November is never a good month for Arsenal. Injuries and poor results collude to frustrate supporters on an annual basis. This weekend, Arsenal face a resurgent Manchester United (one win in a row), a fixture that, when played at Old Trafford, fills Arsenal fans with trepidation. Not since 2006, when the erstwhile Emmanuel Adebayor scored the winner, have the Gunners come away with three points.

In the intervening years, we’ve seen Arsenal lose ten times, including that humiliating 8-2 reverse, a 4-0 in the FA Cup, losses to David Moyes and Louis van Gaal, and a Robin van Persie-inspired United victory. Only two draws have been registered, and a solitary FA Cup victory in 2015, a rare moment of glory in an otherwise dismal ten years.

We have suffered drubbings at the hands of world-class players, such as Cristiano Ronaldo and a previous incarnation of Wayne Rooney. But we’ve also come a cropper against weak opposition: in the 8-2 loss, United’s back four featured the young, inexperienced trio of Jonny Evans, Phil Jones and Chris Smalling, with Anderson, Nani, Tom Cleverley and Ashley Young in midfield. Last season, our superior side, higher in the league and better on paper, crumbled against a second-string United side struggling under van Gaal’s tempestuous reign.

In short, we don’t like playing at Old Trafford, and the added intrigue of Jose Mourinho this season, whom Arsene Wenger has never beaten in League play, adds another level of anxiety.

The November curse may have returned, with the international break robbing us of one of our most important players. Hector Bellerin, who has evolved into one of the best full backs in the world, injured his ankle in training for the Spanish under 21s, and faces a month out of action.
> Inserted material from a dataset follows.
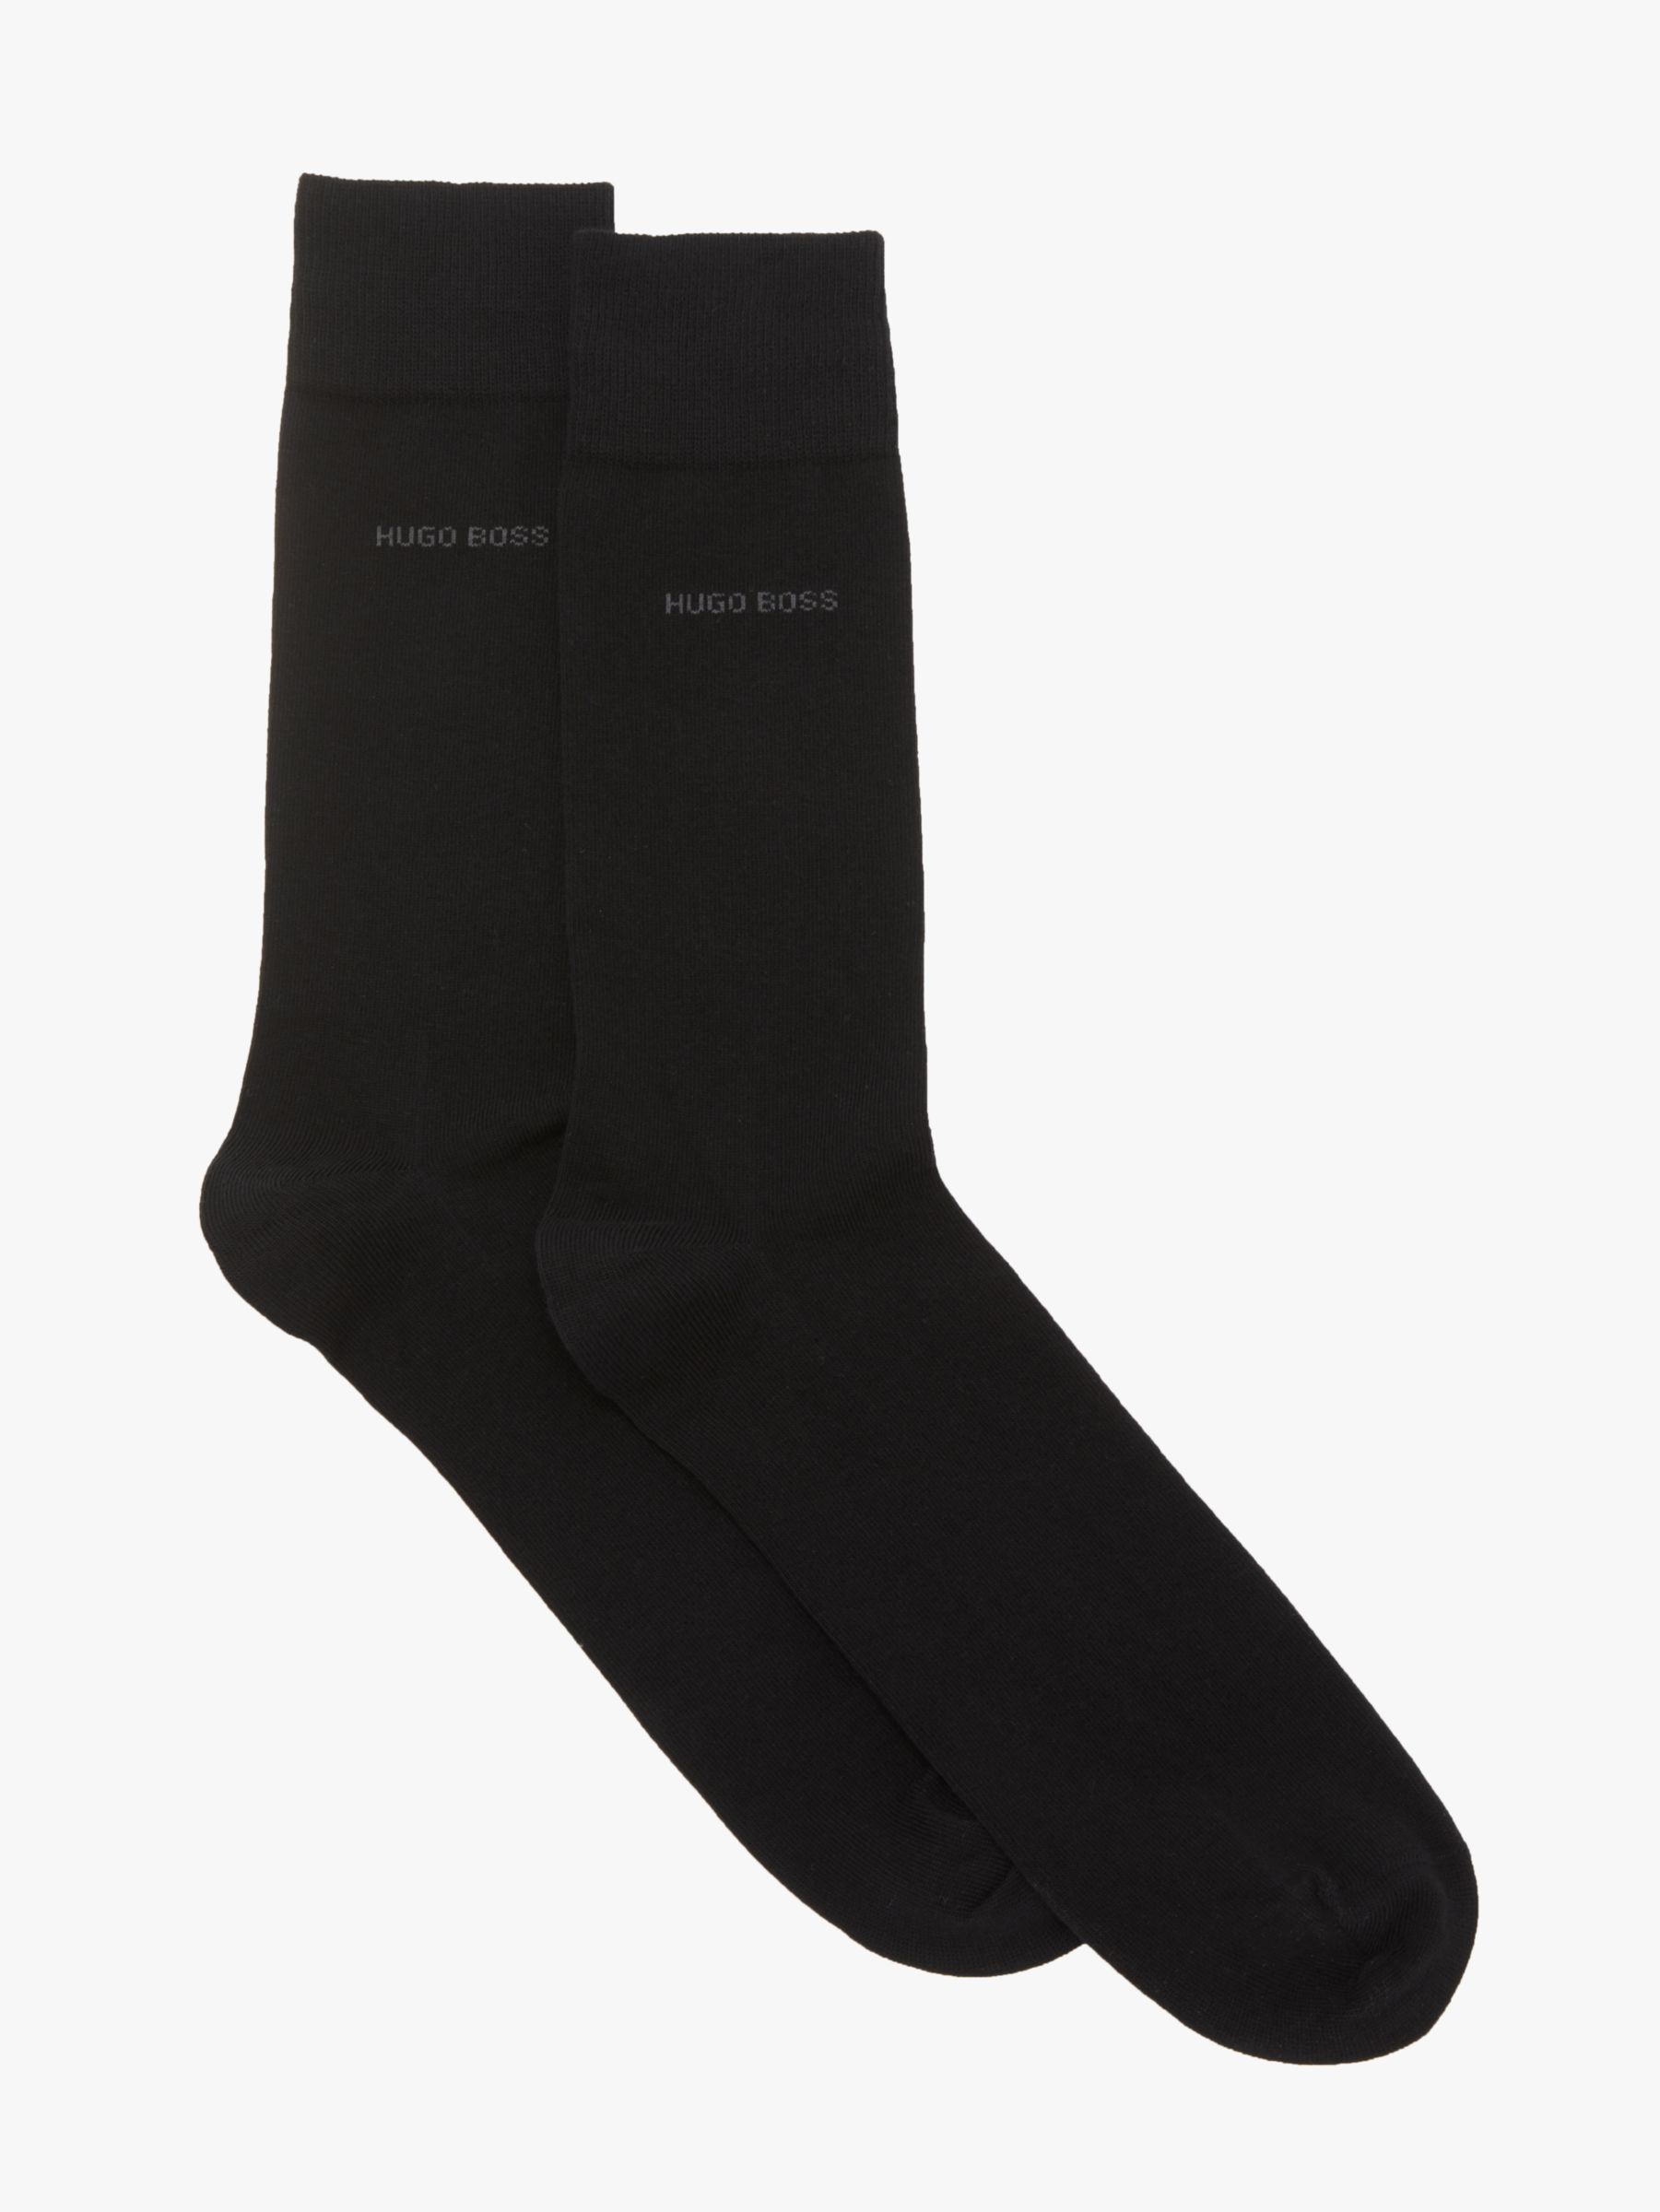 BOSS Plain Socks, Pack of 2, Black at John Lewis & Partners
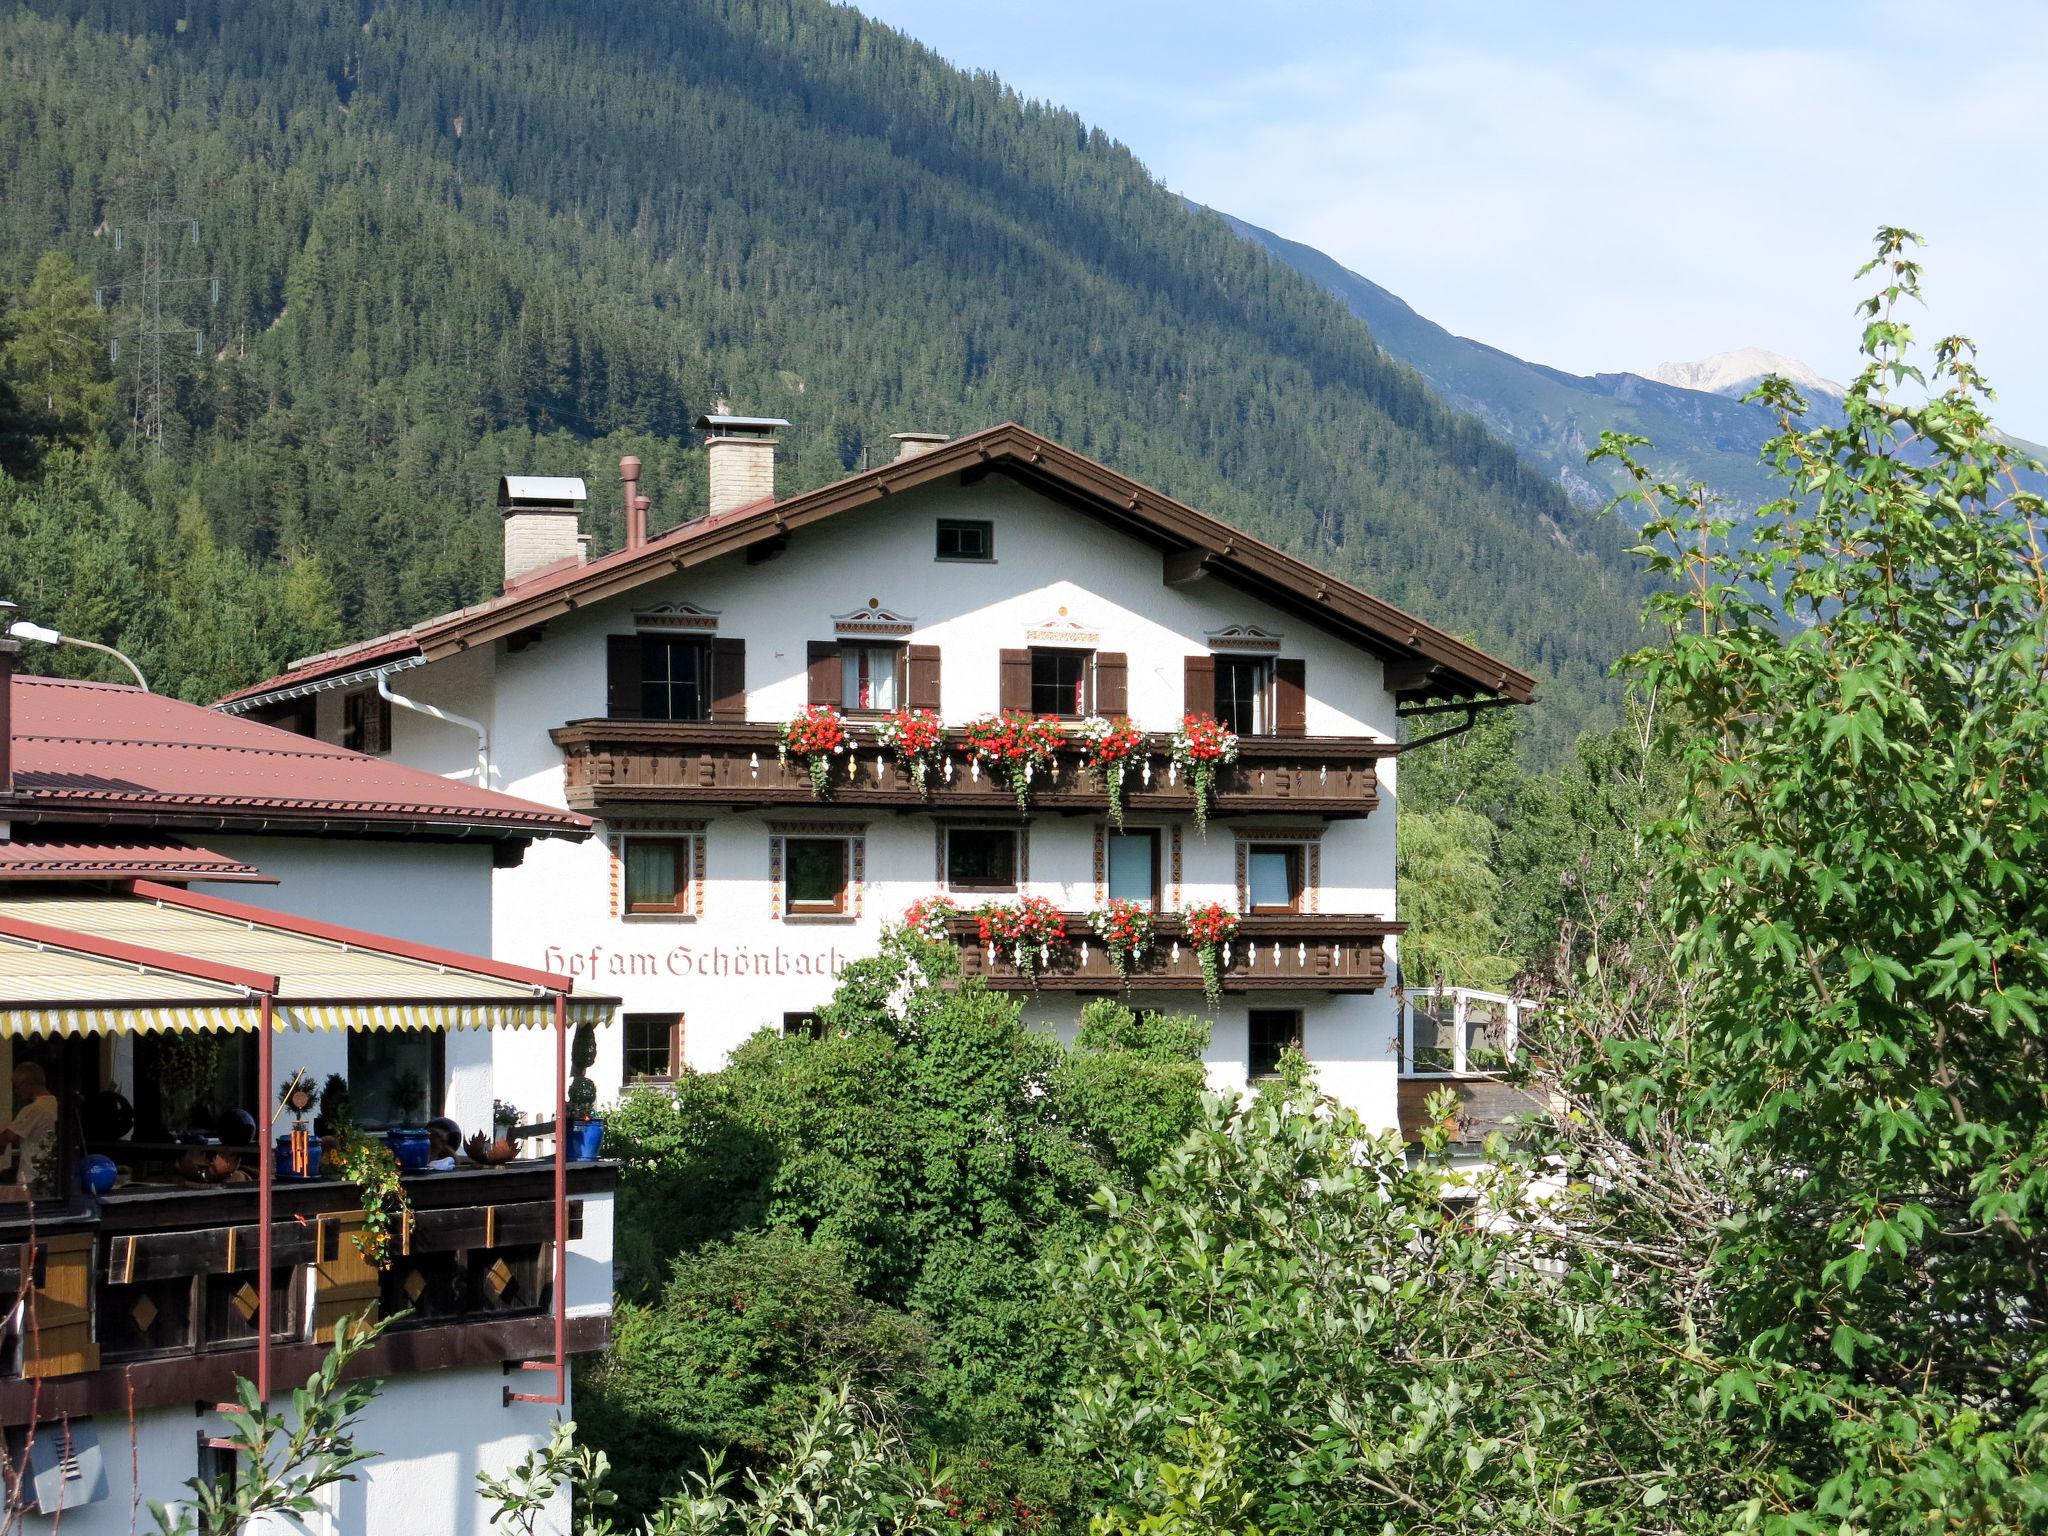 Foto 1 - Appartamento a Sankt Anton am Arlberg con giardino e vista sulle montagne

In truth, Bellerin has been overworked. With no meaningful competition, he has featured heavily for two years now, making 36 appearances in the Premier League last season, and playing in all but one this campaign. For a player of his nature, this was bound to cause some sort of injury. Hindsight is a wonderful thing.

His replacement on Saturday, likely to be either Carl Jenkinson or a reshuffled Shkodran Mustafi, will certainly face a tough test against either Marcus Rashford or Anthony Martial. The thought of Mustafi, an excellent defender but not one blessed with pace, facing one of United’s lighting-quick wingers is somewhat worrying; Jenkinson’s inexperience and lack of game time does not placate my nerves.

One positive is that Alexis Sanchez has returned from Chile, as far as we know, without his thigh problem intensifying. Nevertheless, he played 84 minutes for Chile on Tuesday night scoring twice, with a heavily-bandaged leg. It was certainly a risk, and as I wrote earlier in the week, one worth taking for the Chilean national side. Struggling to qualify for the World Cup, and with no international fixture until March, there was no reason for Alexis to sit out.

It leaves Arsene Wenger, on the other hand, with a bit of a headache. Alexis will face a fifteen-hour flight back to London, a day at most of light training, and a trip to Manchester on Saturday morning, all with a thigh teetering on the brink of injury. He will want to play, and if recent history is anything to go by, probably will. He hates sitting out, and Wenger would obviously prefer him in the starting lineup. Last November, a remarkably similar series of events led to Alexis missing several weeks through injury. With PSG visiting the Emirates on Wednesday, a fixture that will decide the group winner, Wenger faces a tough decision on whether to keep the Chilean or go with Olivier Giroud.

Let’s hope injuries and fatigue don’t ruin our chances of overcoming two significant hoodoos, beating United and Jose Mourinho.